While executives are busy with achieving their business goals, they ignore oversight of the internal accounting control, thus falling victim to fraud. That’s why outsourcing comes as the best solution for the separation of finance and accounting duties.
Instead of leaving everything to one employee, separate the accounting duties to two or more experts. The three primary accounting functions are record keeping, authorization, and custody of assets. One or two of these functions can be left to an outsourced expert, as dividing the work between two employees is the minimum level of accounting duties separation.
CEO Opportunity Cost
CEOs don’t want to be bothered with time consuming and tedious daily accounting tasks. But when fraud happens, they’d wish to have been there to check the numbers from time to time. CEOs are more focused on other business’ core competencies and gave up the potential benefit that they could have received from finance audit. It is called opportunity cost, which is why CEOs outsource their accounting processes to outside experts who perform the review instead as well as offer critical financial advice on how to avoid common accounting mistakes.
Check Tampering Fraud
Tampering fraud is when an employee alters, forges, or intercepts a check drawn on your business’ bank account. The four types of check tampering are:
- altered checks (changing the payee),
- concealed checks (the signer failed sign a check that was hidden in a batch),
- forged checks (forging the check signature),
- authorized maker (misappropriation of funds by the signer).
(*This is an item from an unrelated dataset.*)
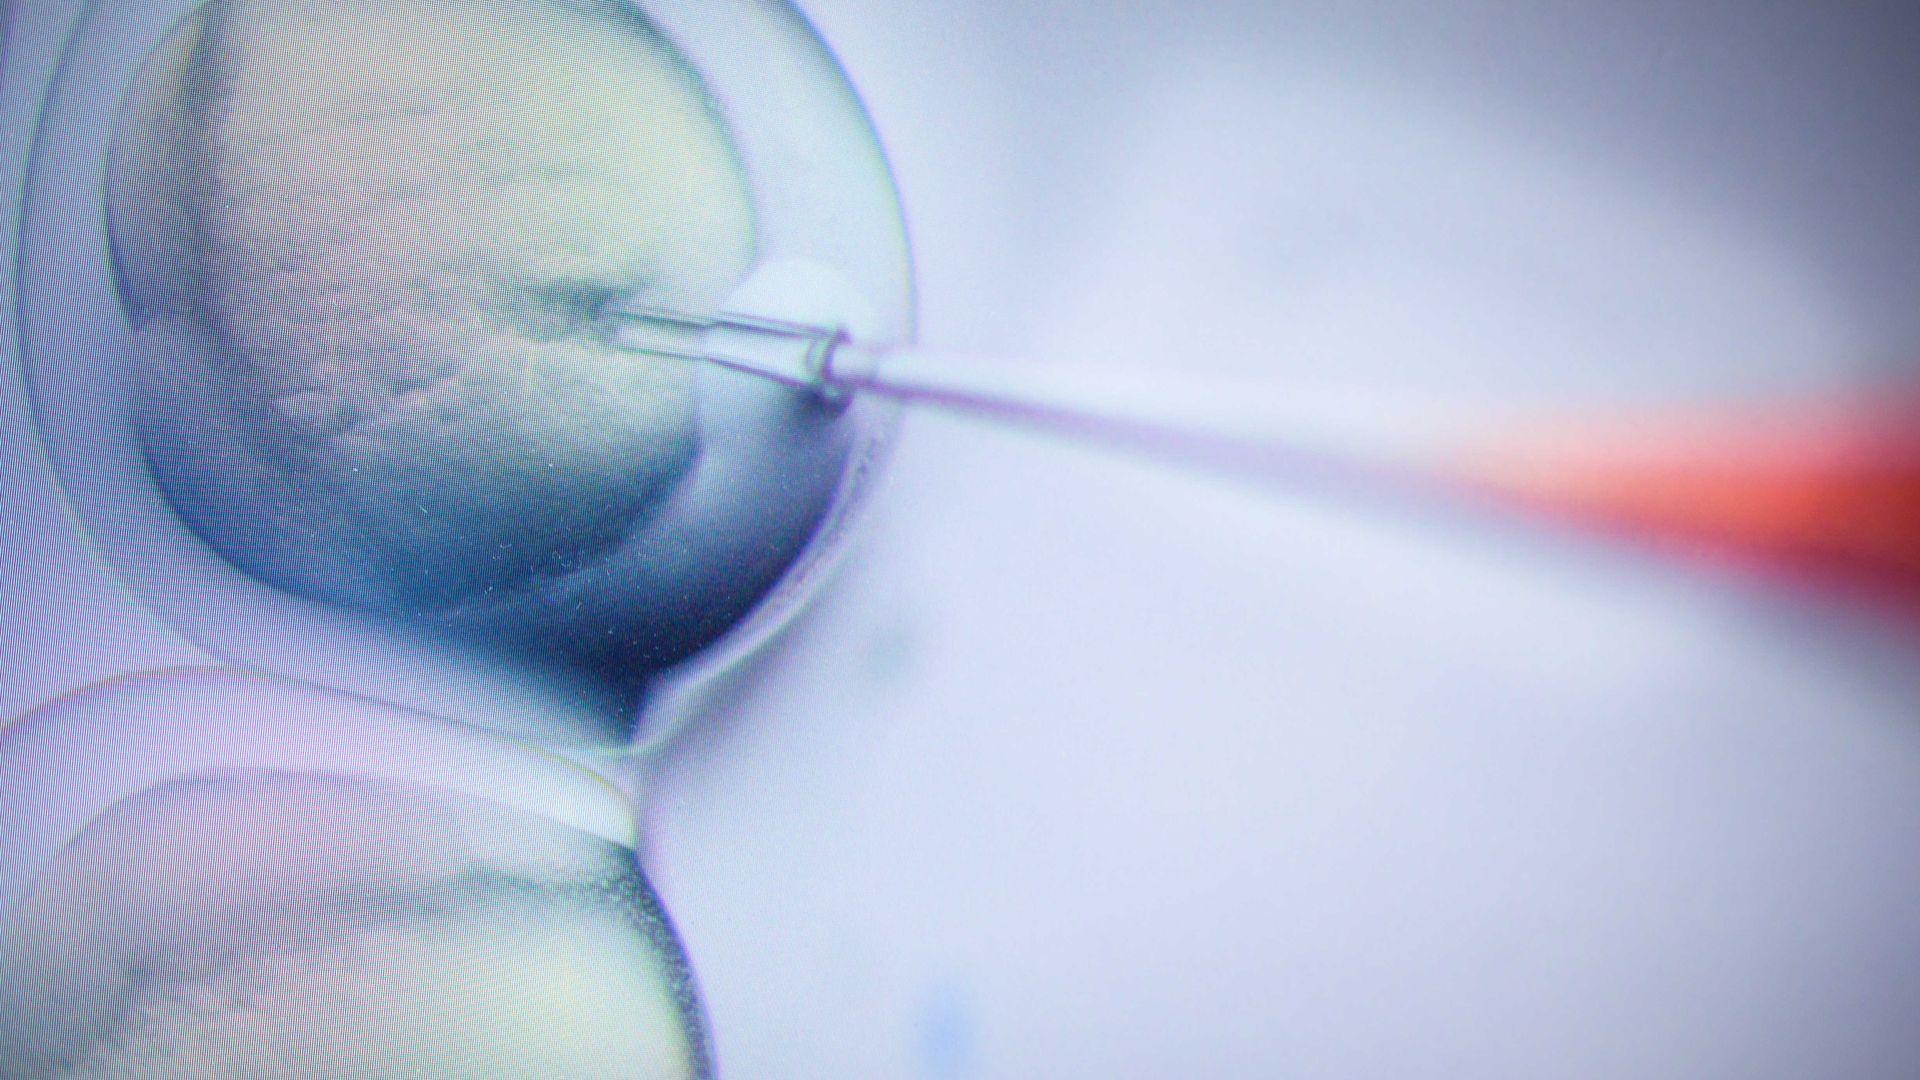 CRISPR technology is used to modify genes

To separate accounting duties, such as bank reconciliation and data entry, you can outsource for an additional accounting person or service who will perform all the necessary audits to check for fraud.
When an employee submits invoices for fake goods and services or personal invoices for the company for payment, it’s called billing fraud. It’s one of the most common types of fraud which happens when the accounting duties, such as bill payment and bill reconciliation, aren’t separated.
Payroll frauds happen when an employee issues payment to fictitious workers or inflates their working hours on their timesheet. It’s less likely to occur in larger organizations because they outsource payroll because of the complexity of the function. Luckily, there are automated billing systems and fraud detection tools (offered by banks) to which you can safely outsource payroll.
The term “skimming” means taking something off the top. The cash is skimmed by the employee responsible for the cash receipts, and it’s a typical scenario in organizations that continue to receive cash payments. The fraudster takes the money and deletes the entire transaction or reports a lower cash total. By hiring someone to run an audit trail, they can detect that something was deleted in your business’ cash account.
One of the most significant fraud problems is corruption, regardless of the size of a business. Companies can avoid making it easy for people to commit fraud by setting up a system of internal accounting controls. The accounting staff you outsource to will address the causes of fraud, such as under-optimization in the accounting software, understaffed or overwhelmed employees, and messy books. They will give you unbiased oversight and focus on finding any mismatches. Also, it allows for the separation of crucial accounting duties which will provide you with peace of mind.